--- MATERIAL PROVIDED Enclosed Below ---
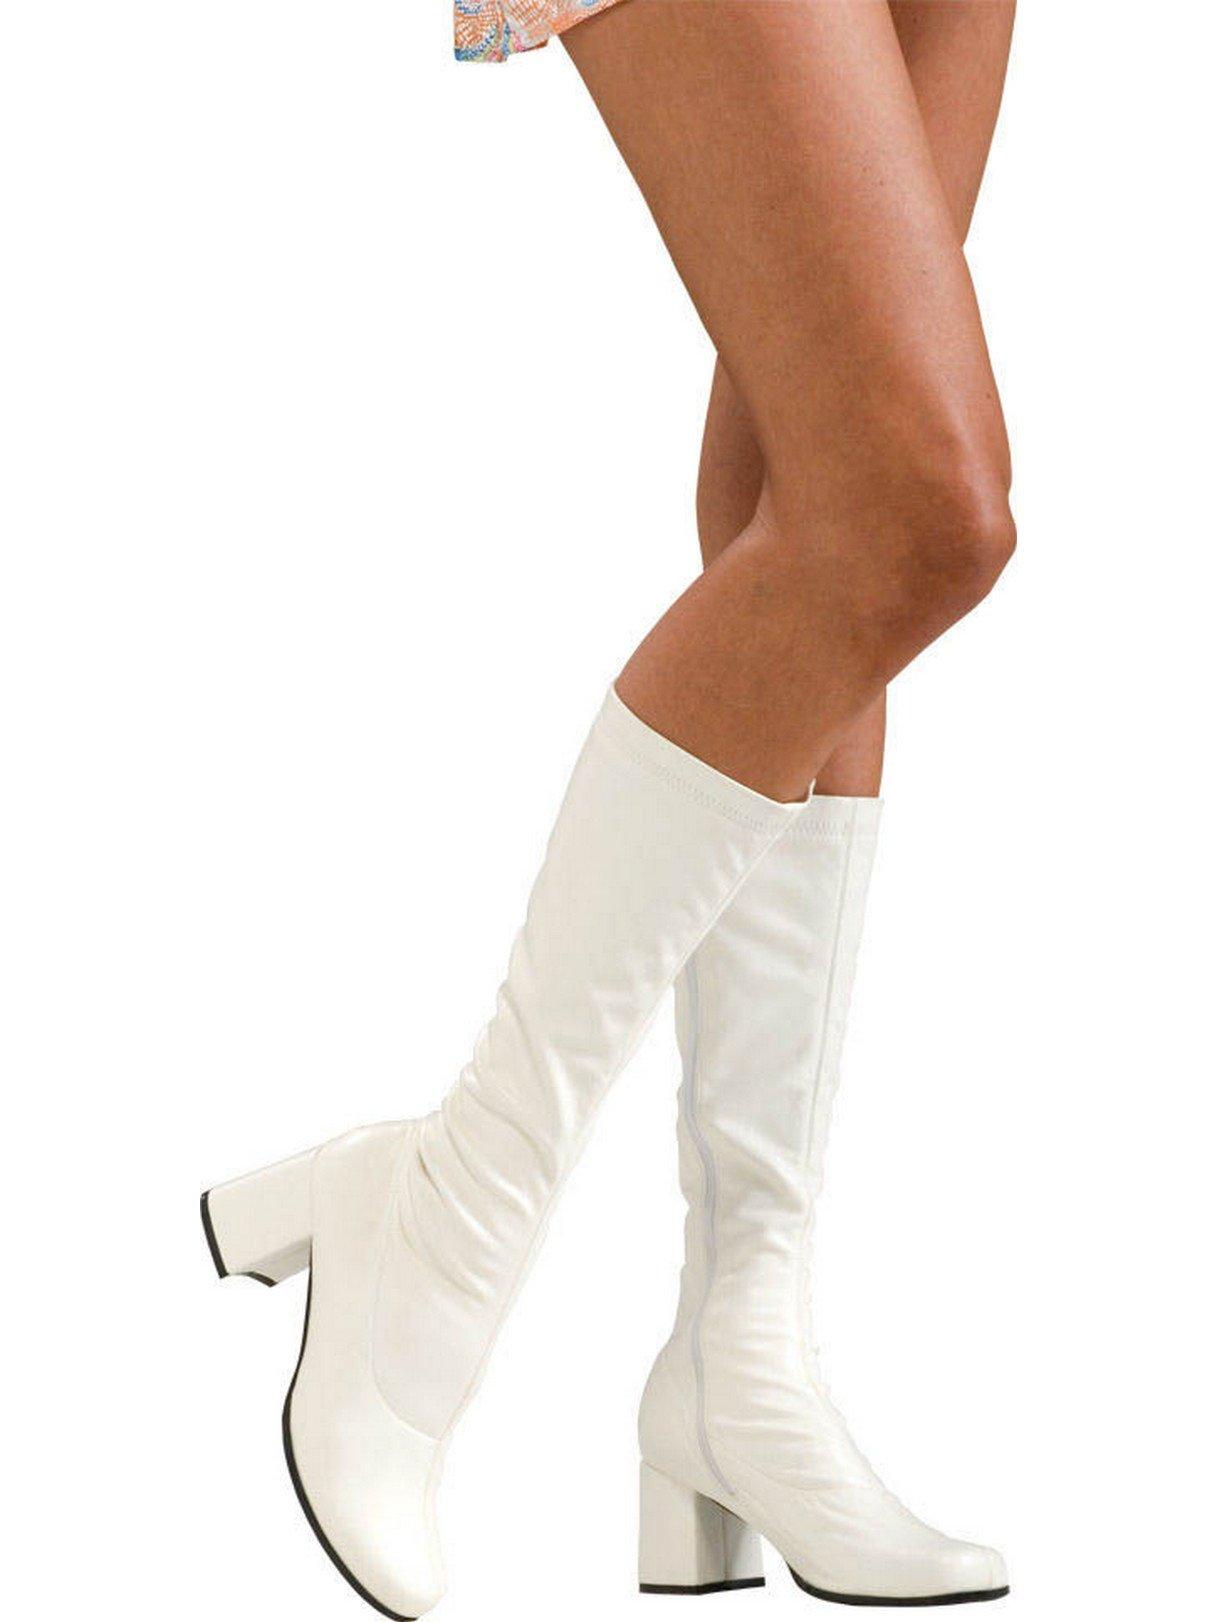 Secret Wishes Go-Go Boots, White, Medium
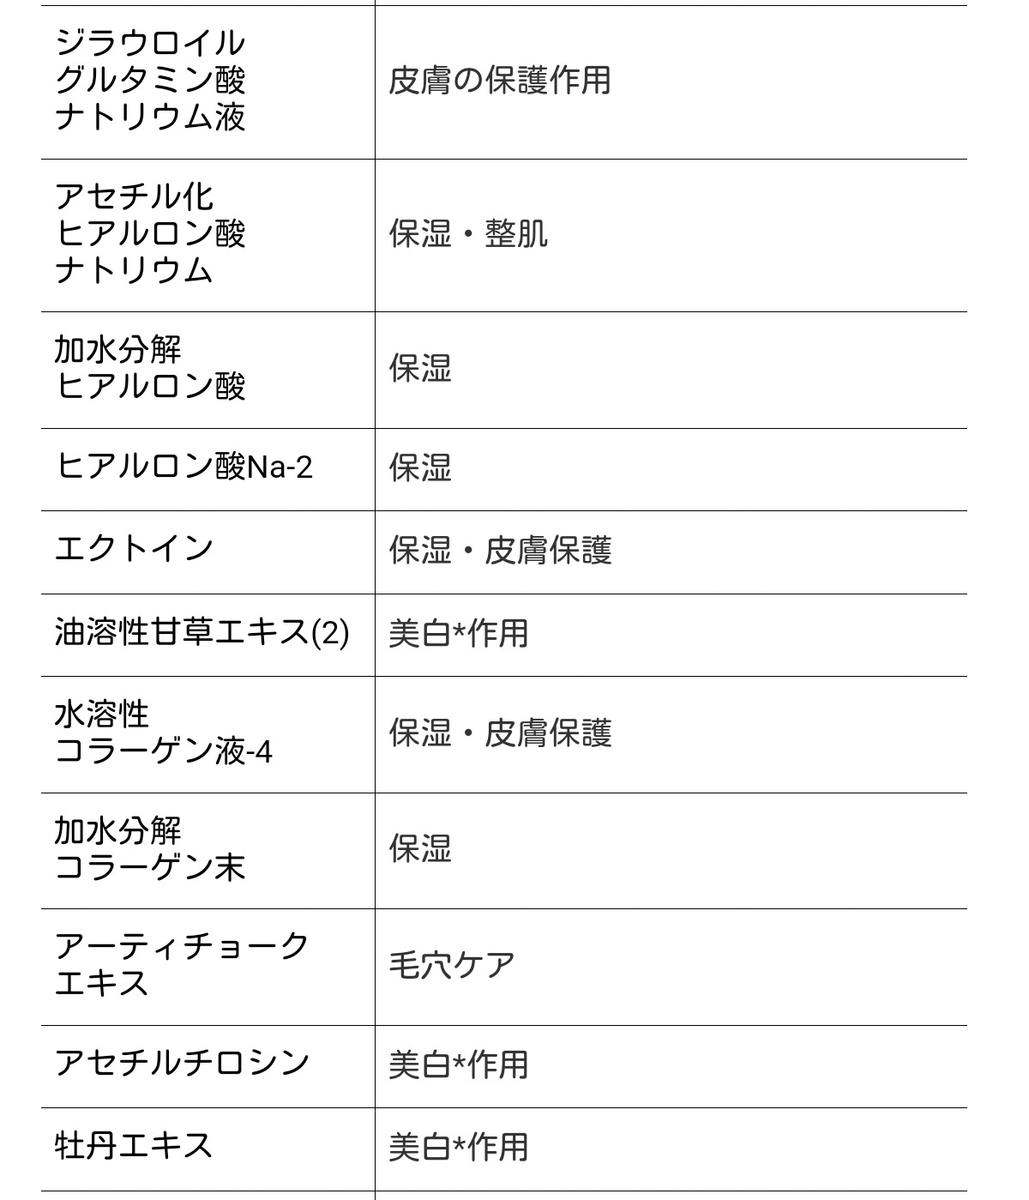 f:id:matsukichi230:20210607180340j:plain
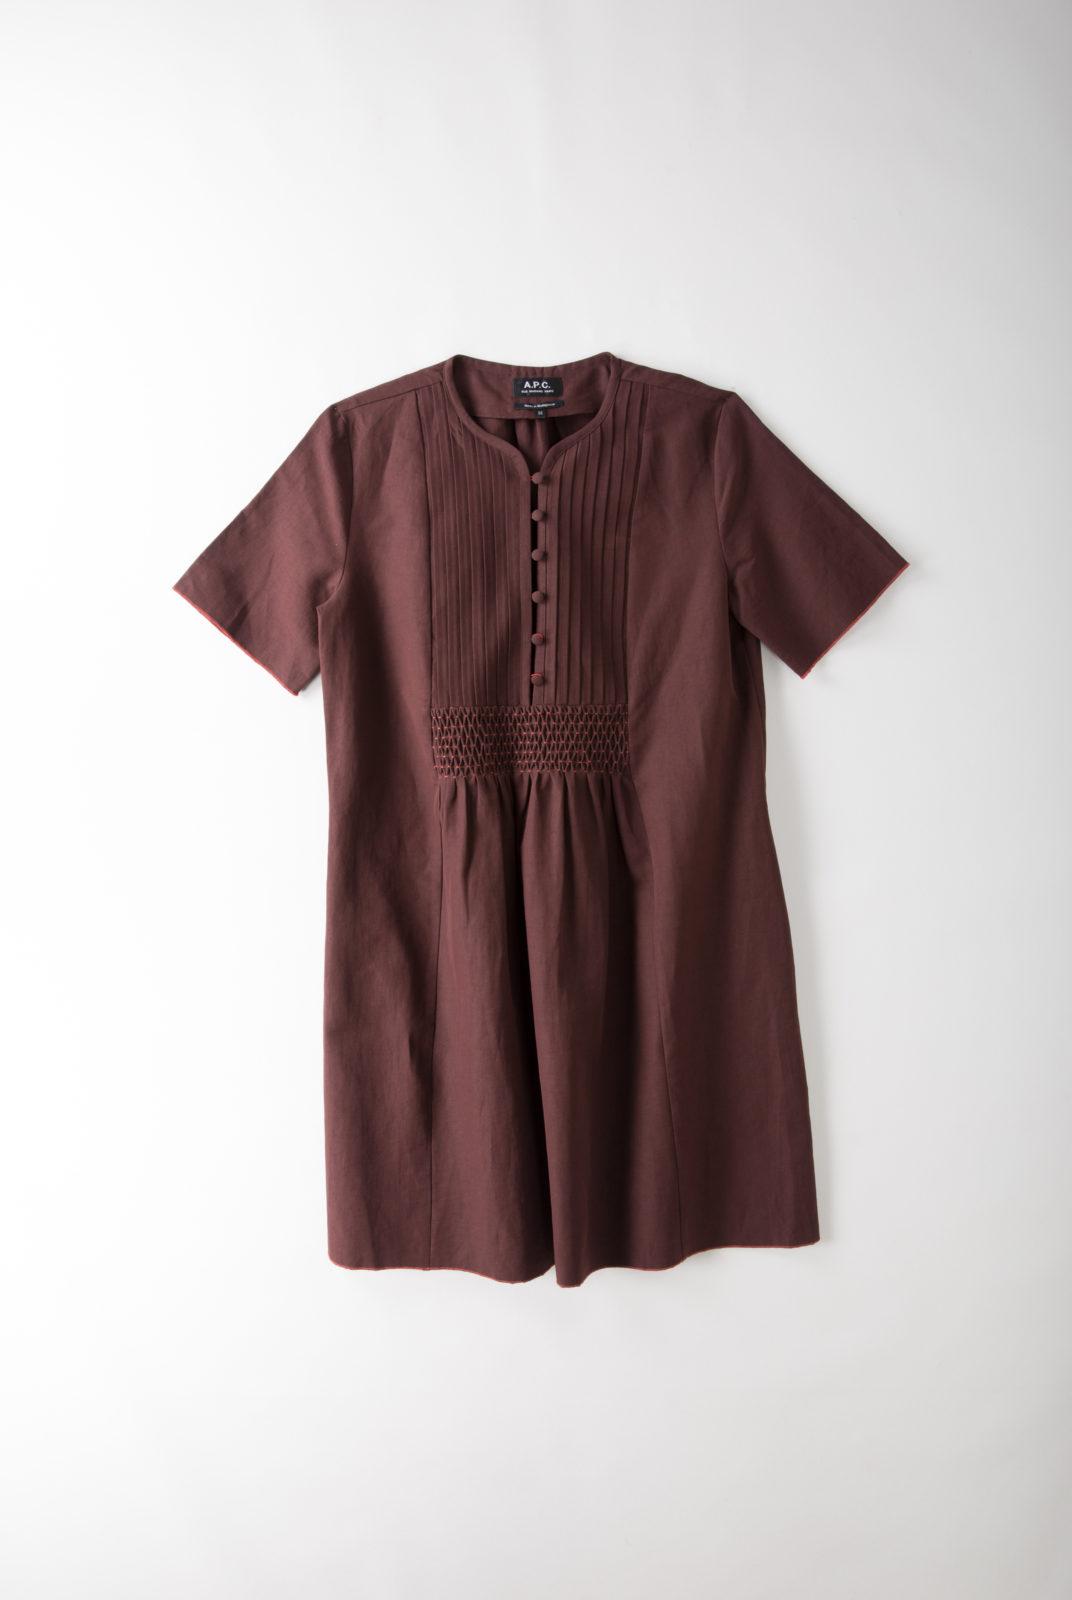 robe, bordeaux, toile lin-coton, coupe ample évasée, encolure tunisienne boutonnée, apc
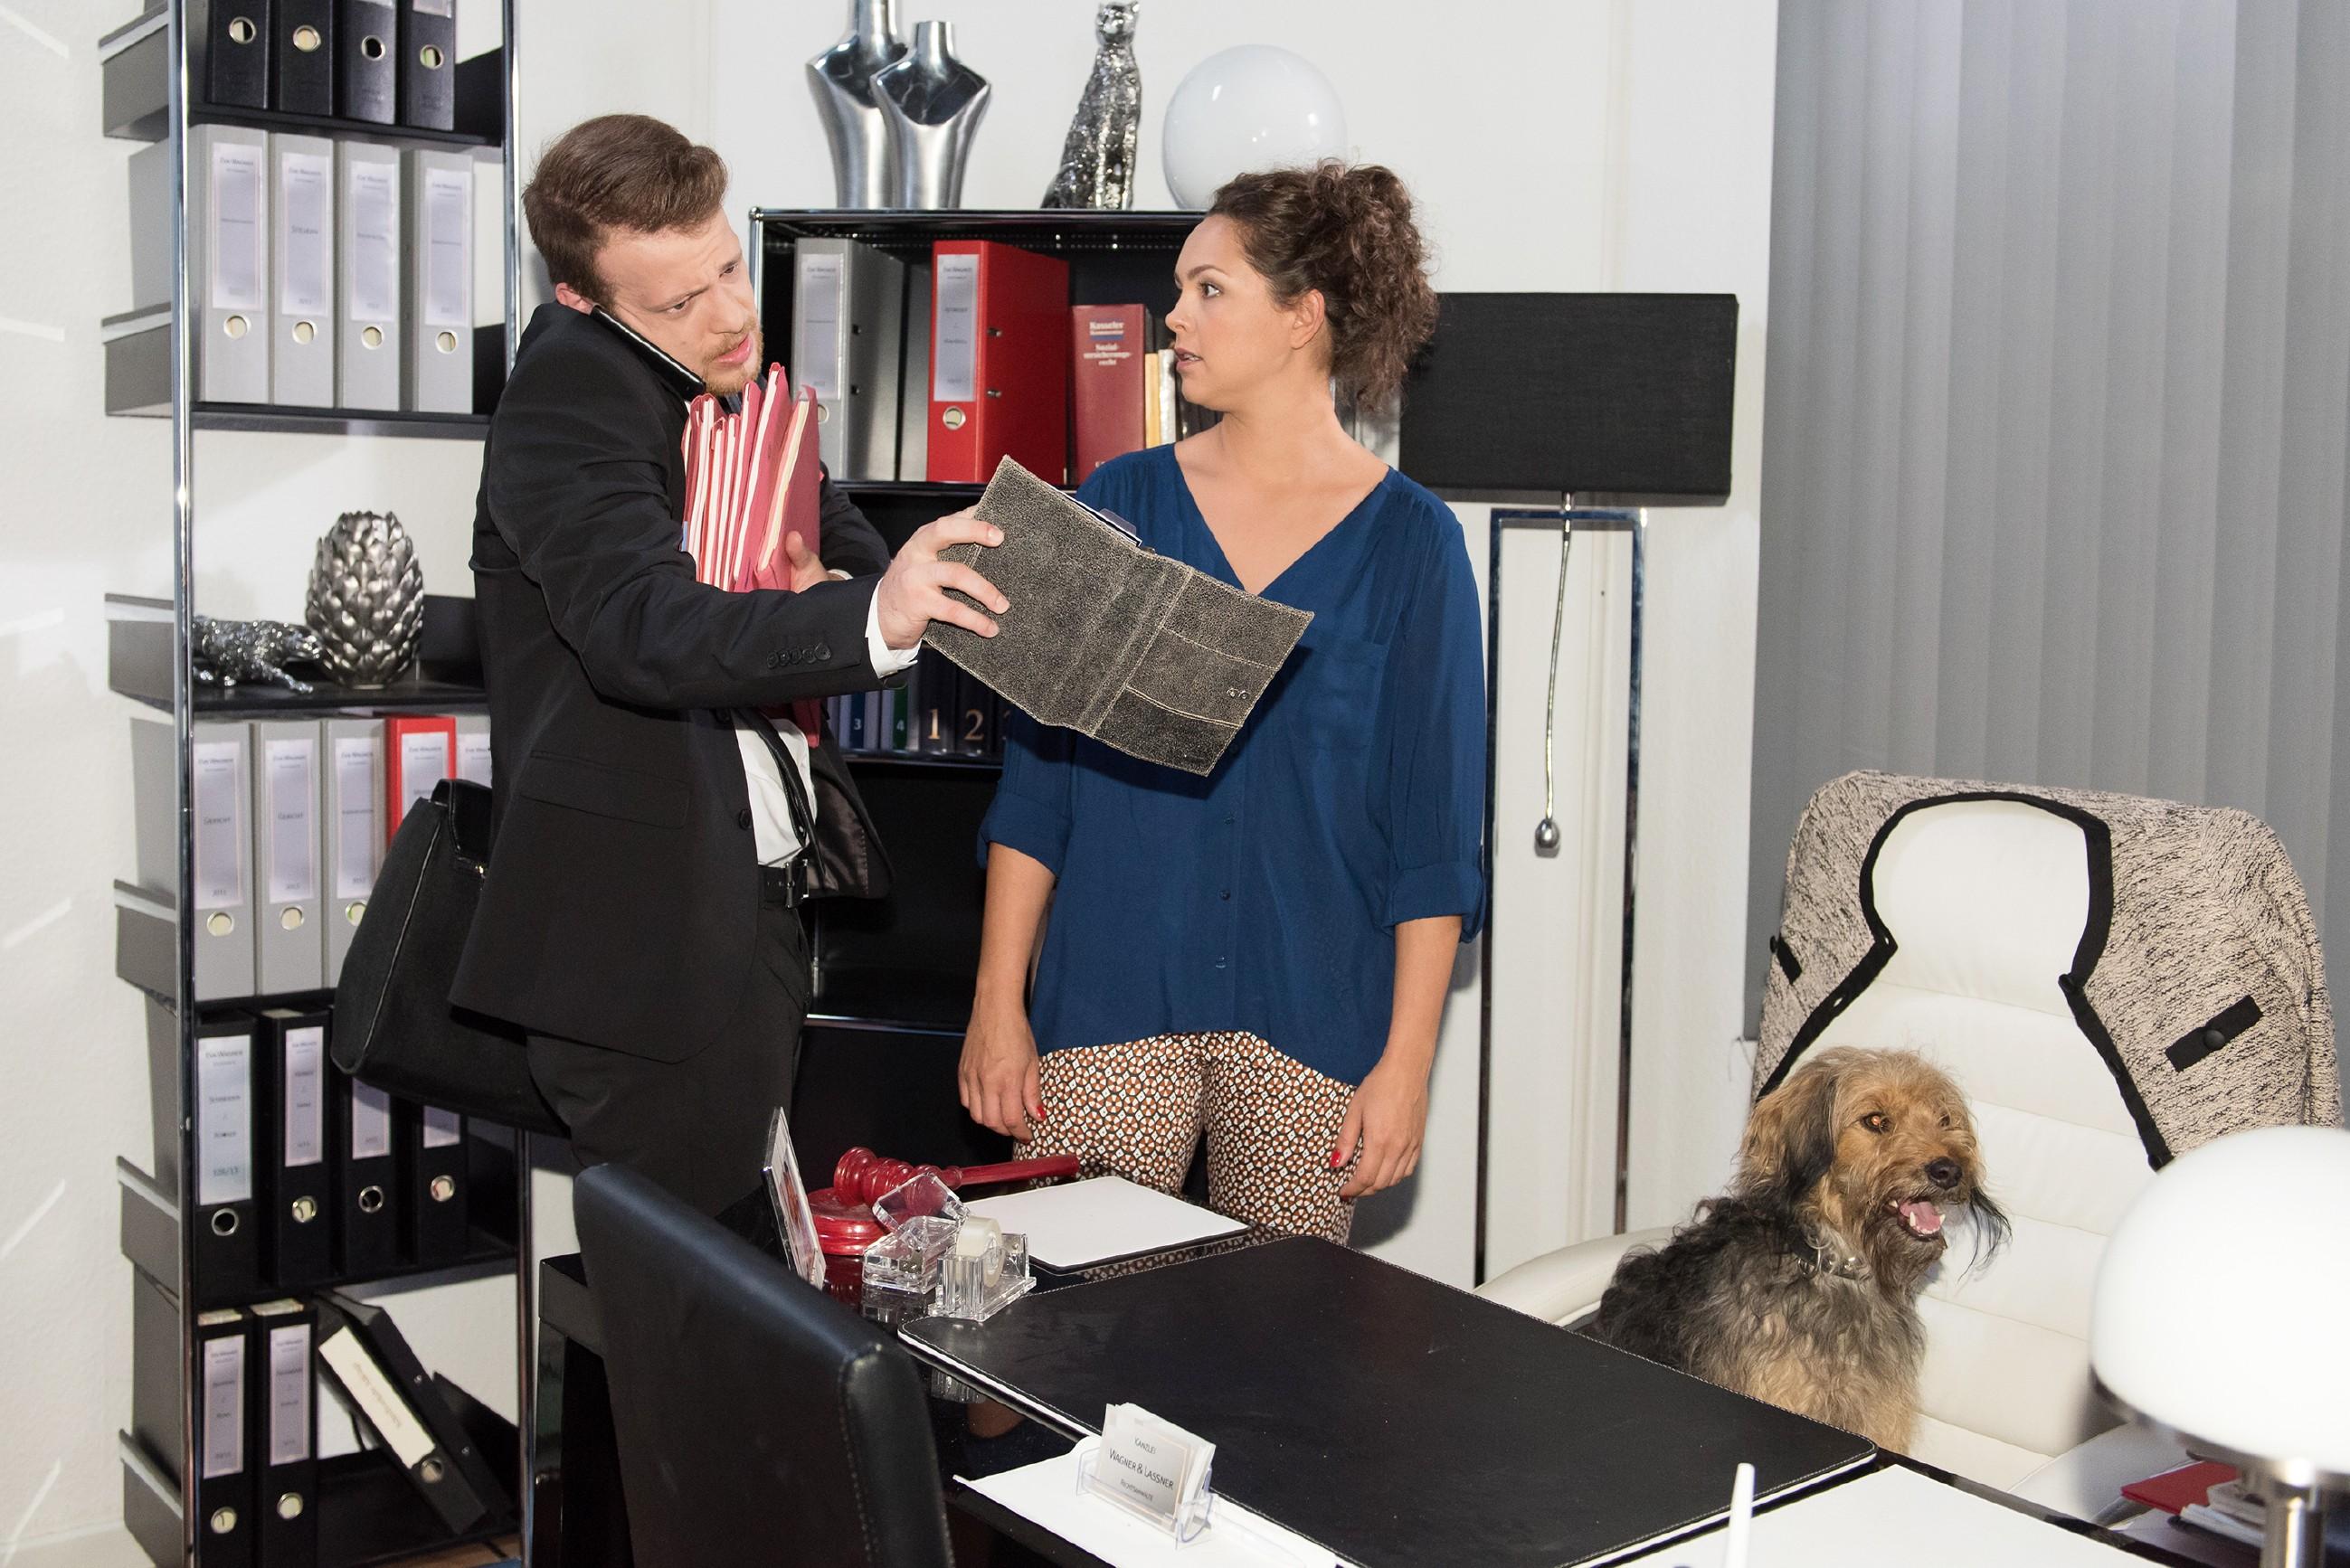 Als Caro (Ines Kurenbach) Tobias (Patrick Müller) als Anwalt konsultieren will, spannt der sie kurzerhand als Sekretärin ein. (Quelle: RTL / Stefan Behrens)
--- End of Enclosed MATERIAL PROVIDED ---
The lines to copy run from the one with "f:id:matsukichi230:20210607180340j:plain" through the end of the material. Write them out exactly, leaving out the pictures.

> RESULT OF THE TASK
 f:id:matsukichi230:20210607180340j:plain
 robe, bordeaux, toile lin-coton, coupe ample évasée, encolure tunisienne boutonnée, apc
 Als Caro (Ines Kurenbach) Tobias (Patrick Müller) als Anwalt konsultieren will, spannt der sie kurzerhand als Sekretärin ein. (Quelle: RTL / Stefan Behrens)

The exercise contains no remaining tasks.